Data extract -
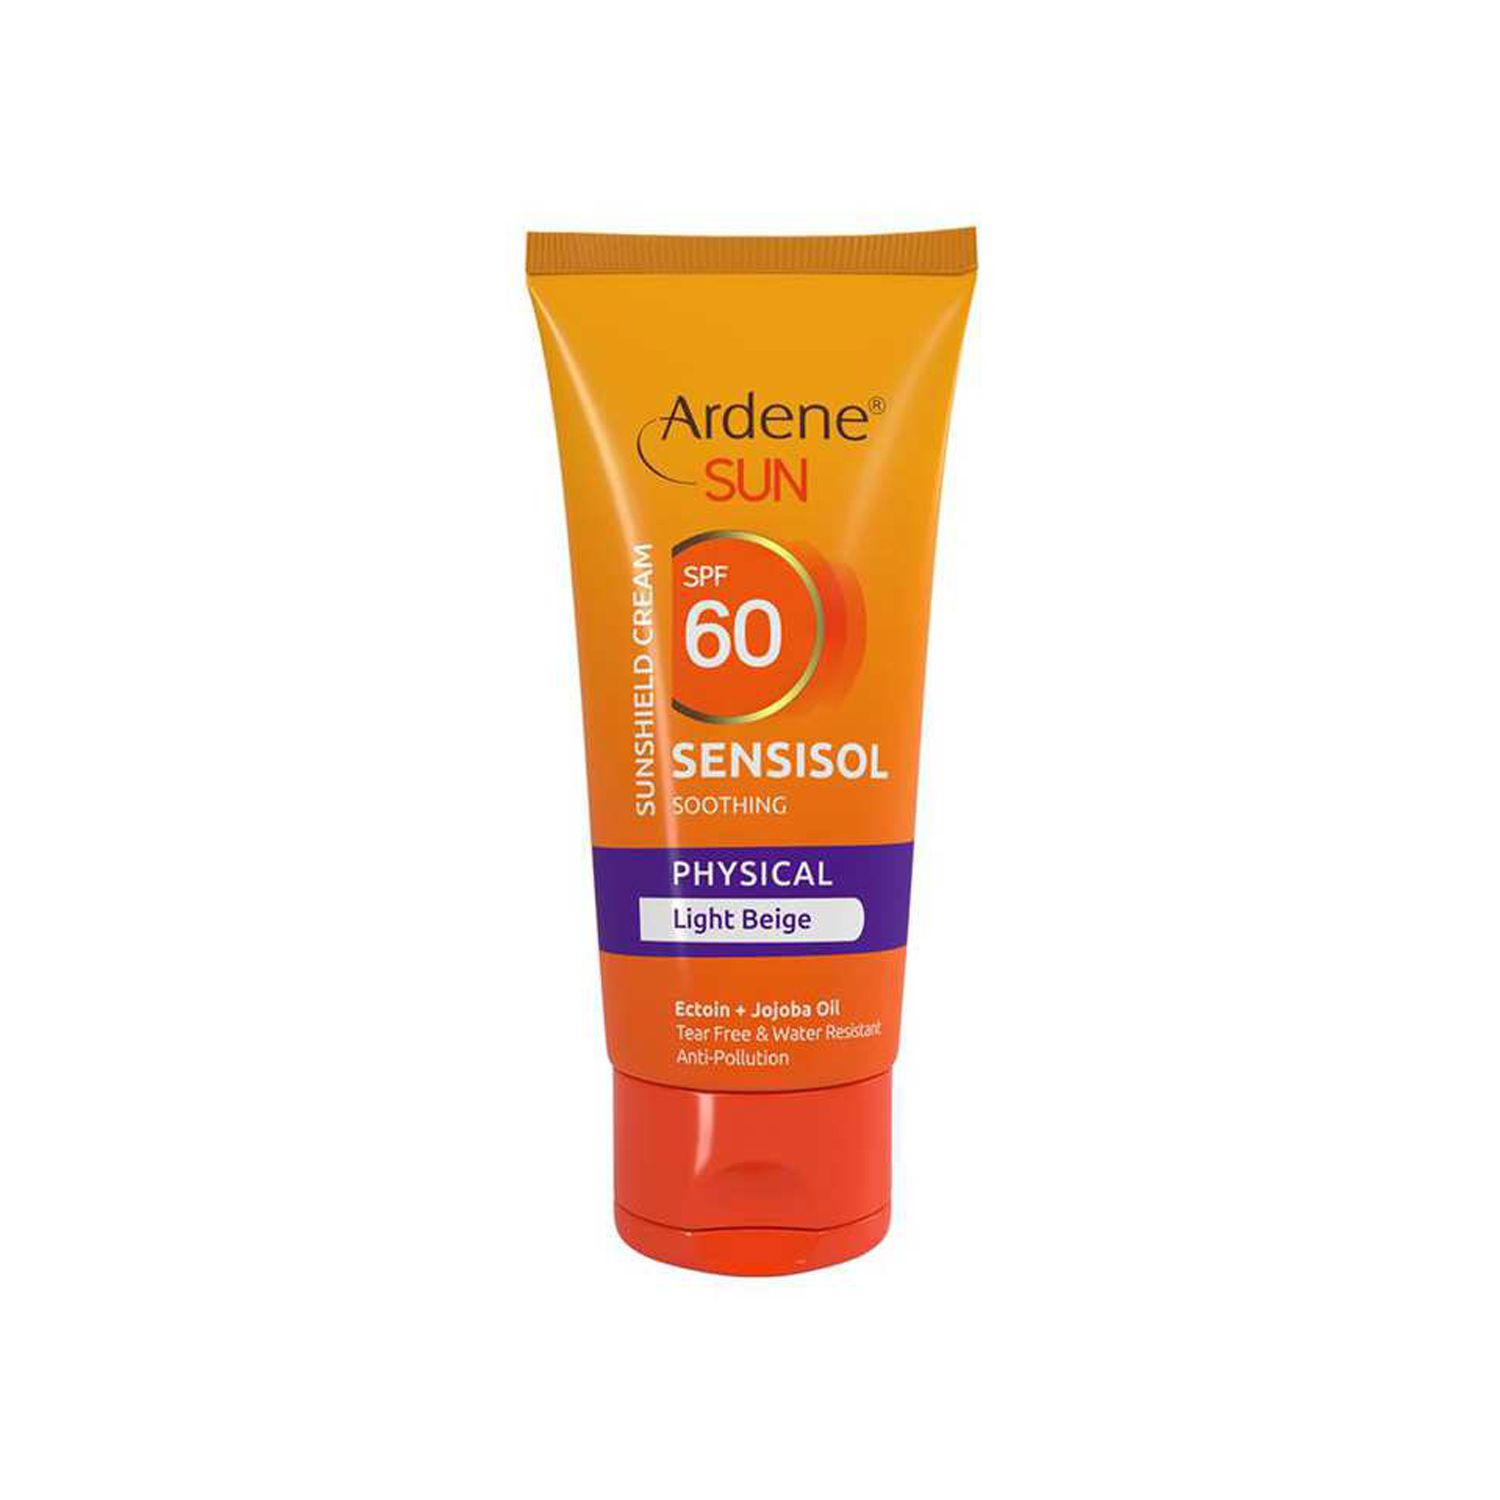 کرم ضد آفتاب آردن مدل Sensisol SPF 60 مناسب پوست حساس حجم 50 میلی لیتر - بژ روشن
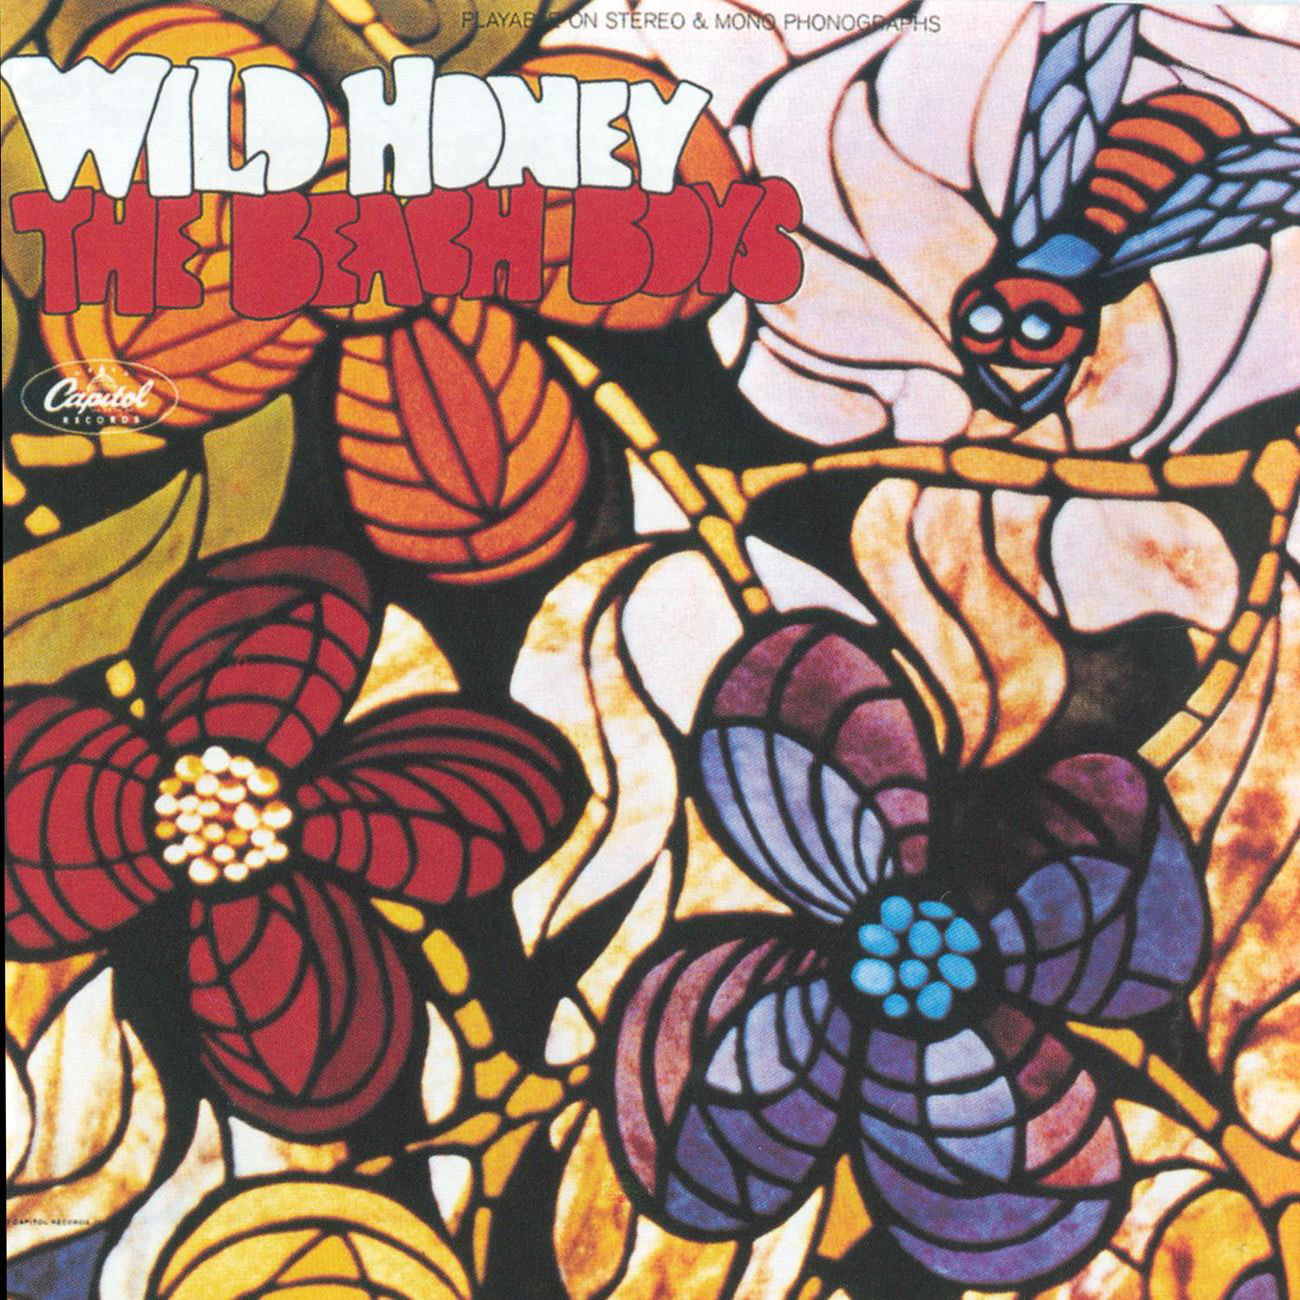 The Beach Boys – Wild Honey (Remastered)【44.1kHz／16bit】意大利区-OppsUpro音乐帝国
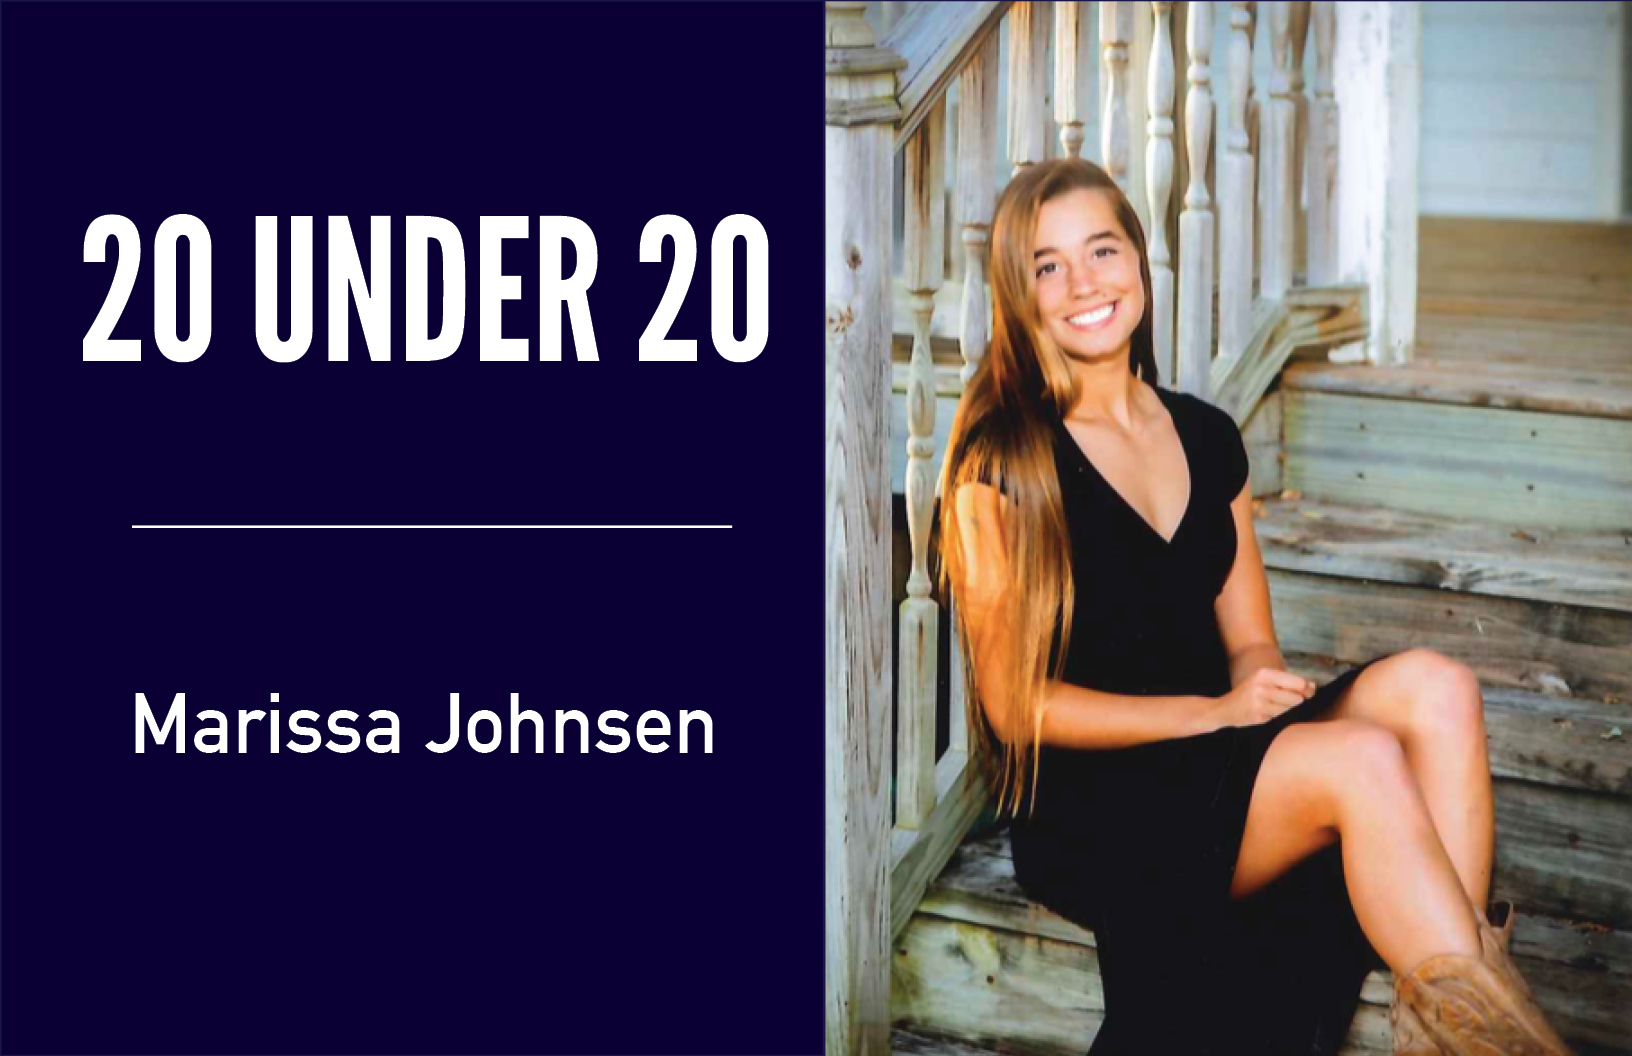 Marissa-Johnsen-20-under-20

Directions - Before you finish, make sure every line above has been repeated exactly and no picture remains in the copy.

Result of this exercise -
 کرم ضد آفتاب آردن مدل Sensisol SPF 60 مناسب پوست حساس حجم 50 میلی لیتر - بژ روشن
 The Beach Boys – Wild Honey (Remastered)【44.1kHz／16bit】意大利区-OppsUpro音乐帝国
 Marissa-Johnsen-20-under-20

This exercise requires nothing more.